I played for two more kids. One was a little girl who
was six and a half. She was shy, but she loved Katie Perry. I did my best girl
voice while I sang “Eye of the Tiger” and for some reason, that made her laugh.
The next guy was a thirteen-year-old. When I’d first met him, he was really
angry about being sick. He had a tumor in his brain too, an inoperable one. I
told him about mine, and he said, “You’re lying. You don’t look sick.”
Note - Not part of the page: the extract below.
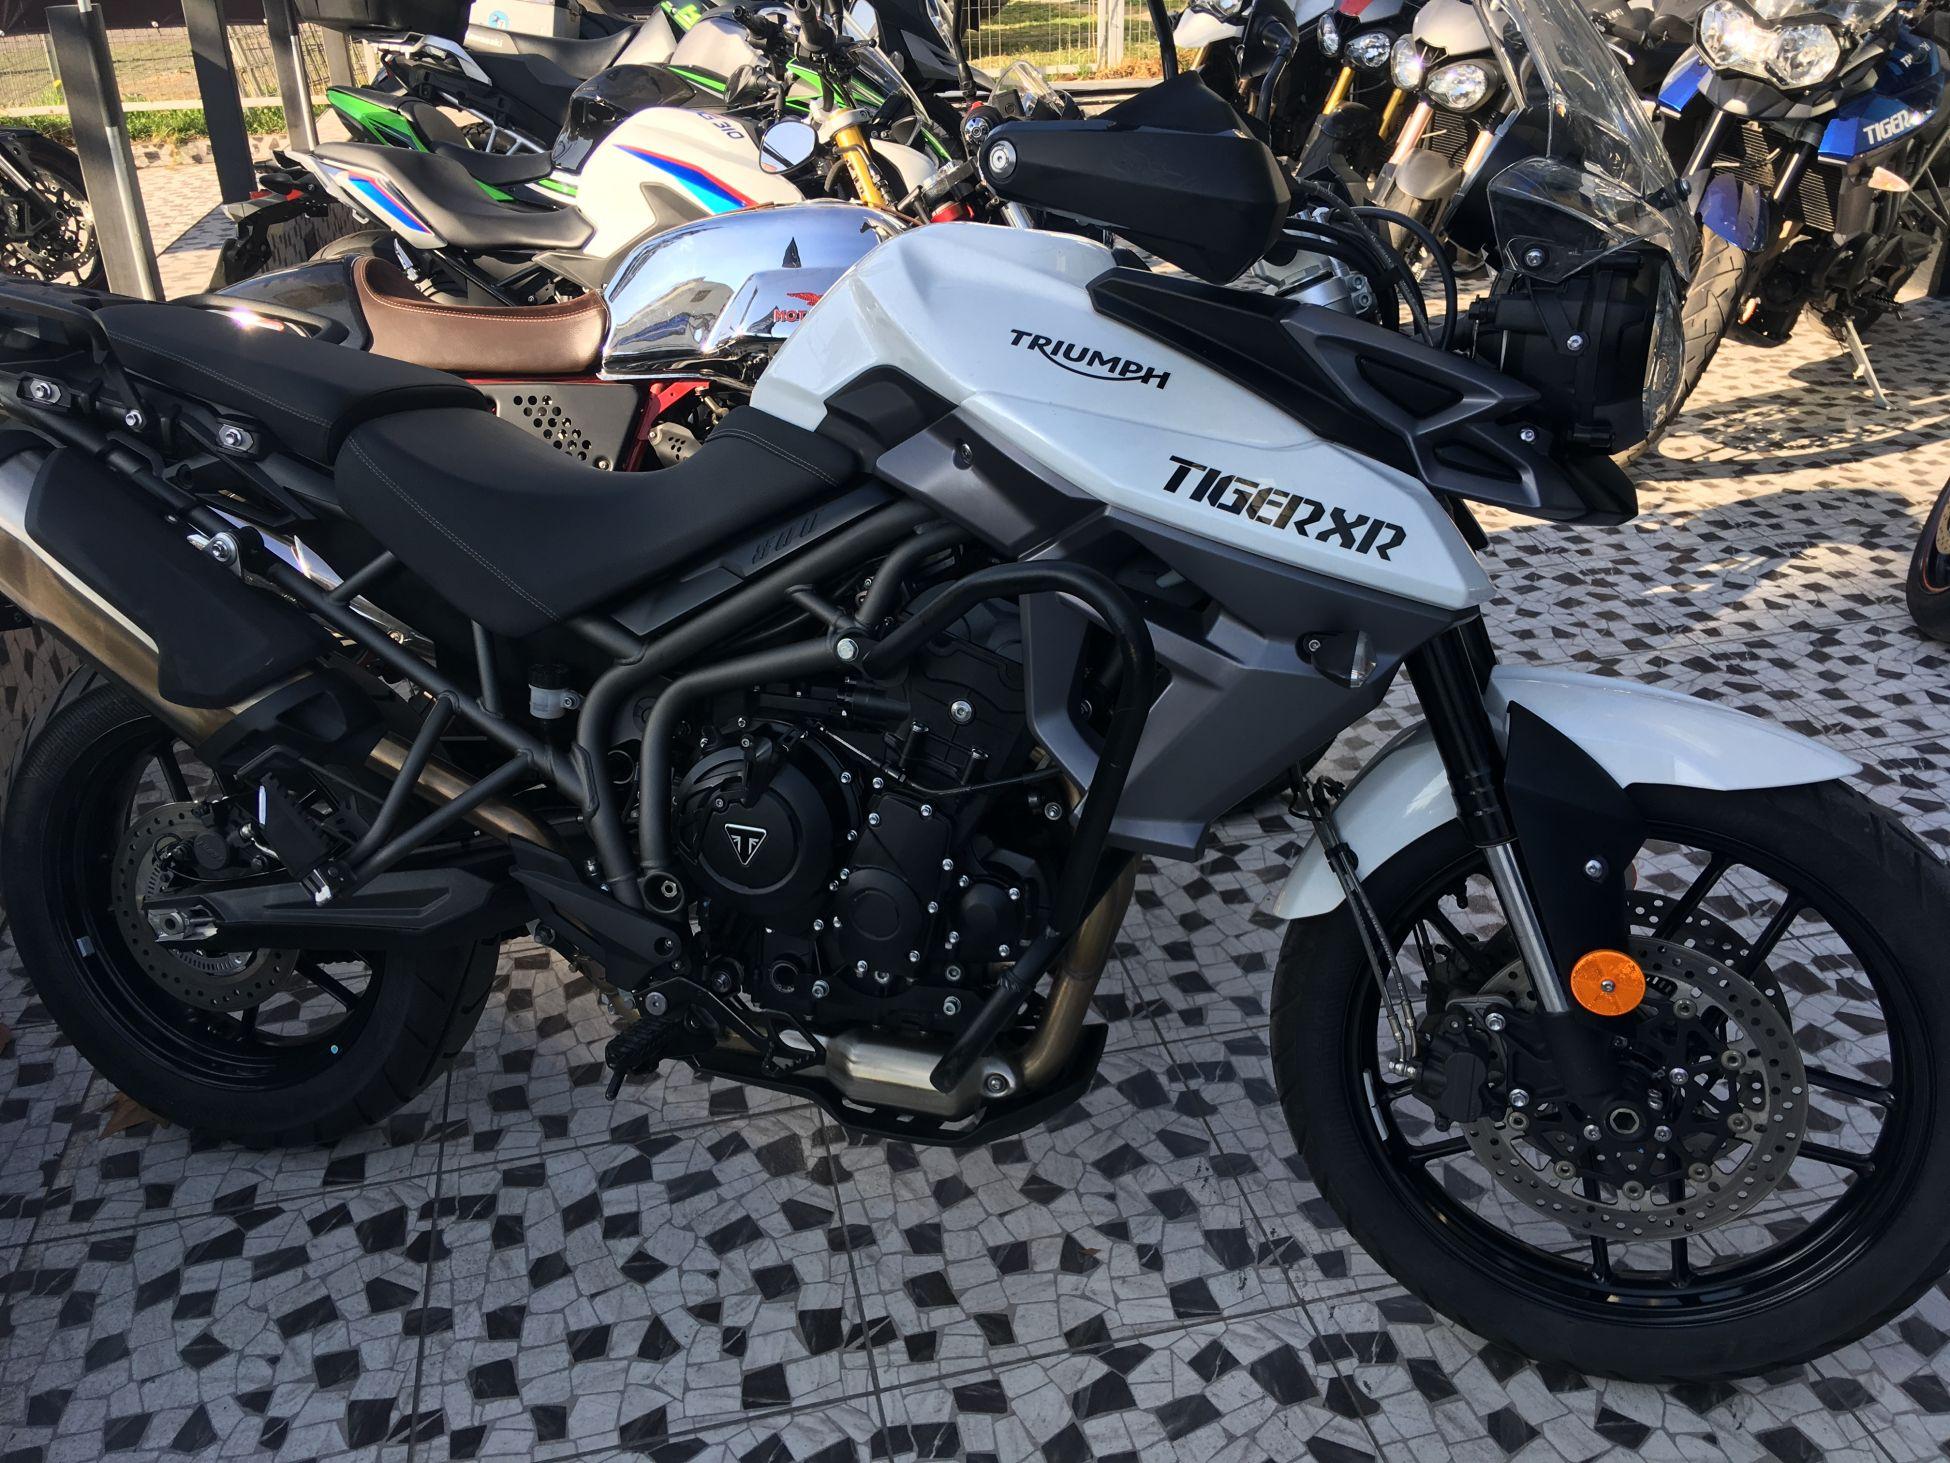 TIGER 800 XR

“I was bald as an eagle my freshman year in high
school,” I told him. “You see all these tattoos? I got them to cover up the
scars all of the IV’s left on my arms.” He still looked skeptical so I parted
my hair and holding it apart with each hand I told him, “See the scar? That’s
from one of the three surgeries.” I also had a drain in my head. When the tumor
had gotten big, it blocked the ducts that drained the cerebral spinal fluid out
of my head and cause horrific headaches. They put in the drain, and they had
never removed it. The doctor told me that my brain had grown to it, and to take
it out now would just be more traumatic. I had a tiny little bump under my hair
where it was at. I told him to feel it; it was just like the one on his head,
apparent because he was bald. “When you get better, you can grow your hair out
and no one will ever be the wiser,” I told him. I was pretty proud of myself
when he smiled. Then the little traitor blew it for me though. He turned to his
mom and said, “Can I get tatted up to cover the scars?” I tried to laugh it
off, but I thought maybe it was time to move on. In my defense, I did mention
to him that I didn’t get the tats until it was legal.